# Highlander



## Geezer (Nov 8, 2021)

_There Can Be Only One_

You might have two web browsers installed, or two or three of anything else. But I think you only use one web server.

There is no big choice of all the web servers that might be in the ports. It is a straight choice, Apache or NginX


----------



## Jose (Nov 8, 2021)

__





						thttpd
					





					acme.com


----------



## jbo (Nov 8, 2021)

malloy


----------



## SirDice (Nov 8, 2021)

I use both? Whichever one is more appropriate for the job. So I have servers running Apache and other servers with nginx.


----------



## Alain De Vos (Nov 8, 2021)

Apache for phpPgAdmin.
nginx for poudriere.


----------



## astyle (Nov 8, 2021)

For some reason, nginx didn't compile for me. I spent a month setting up Apache correctly for Poudriere. And did it, too!  No stinkin' mod_rewrite, port 80 blocked and blackholed. I'd rather not proliferate .conf files for different web servers.
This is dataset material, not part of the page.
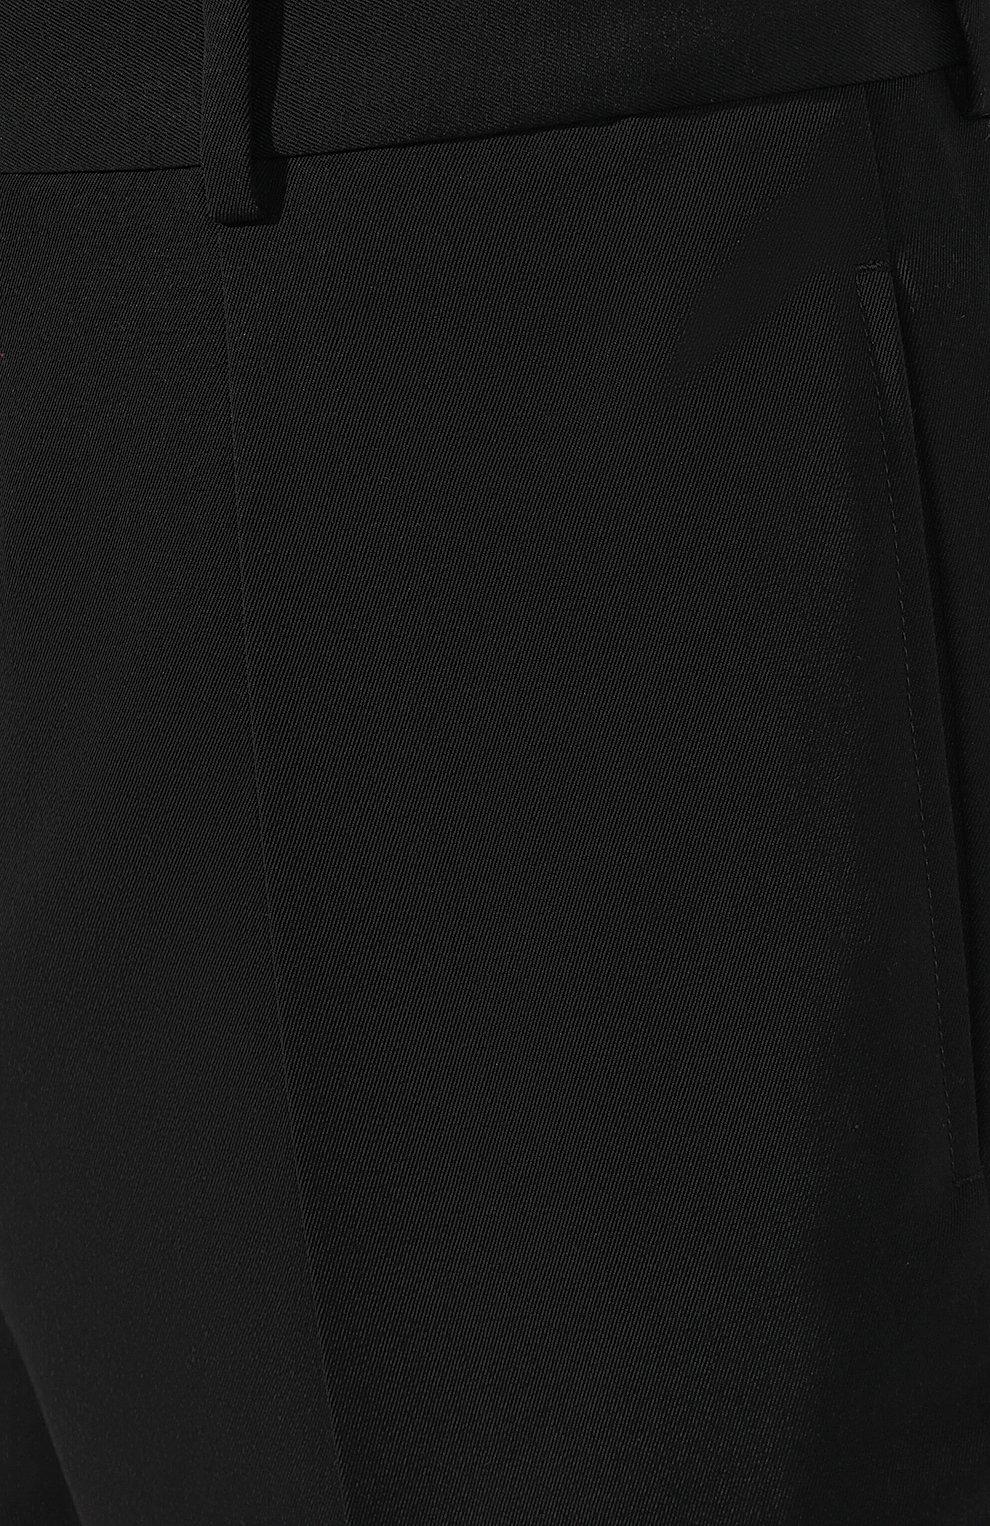 Мужские шерстяные брюки SAINT LAURENT черного цвета, арт. 563592/Y028V | Фото 5 (Материал внешний: Шерсть; Длина (брюки, джинсы): Стандартные; Случай: Повседневный, Формальный; Стили: Классический; Материал подклада: Шелк)

I know it's not impossible to run 'em side by side, but I'd rather pick one for my LAN.


----------



## grahamperrin@ (Nov 9, 2021)

Years ago, Apache on Mac OS X Server.

I might have looked into NGINX but don't recall implementing it. (Doing web sites with Plone in that era.)


----------



## Jose (Nov 9, 2021)

Lighttpd anyone? (It's pronounced lighty.)


----------



## Geezer (Nov 9, 2021)

Jose said:


> Lighttpd anyone? (It's pronounced lighty.)



No, no, no. Lighty was a good idea when it came out. But it cannot stand up to a heavy load.


----------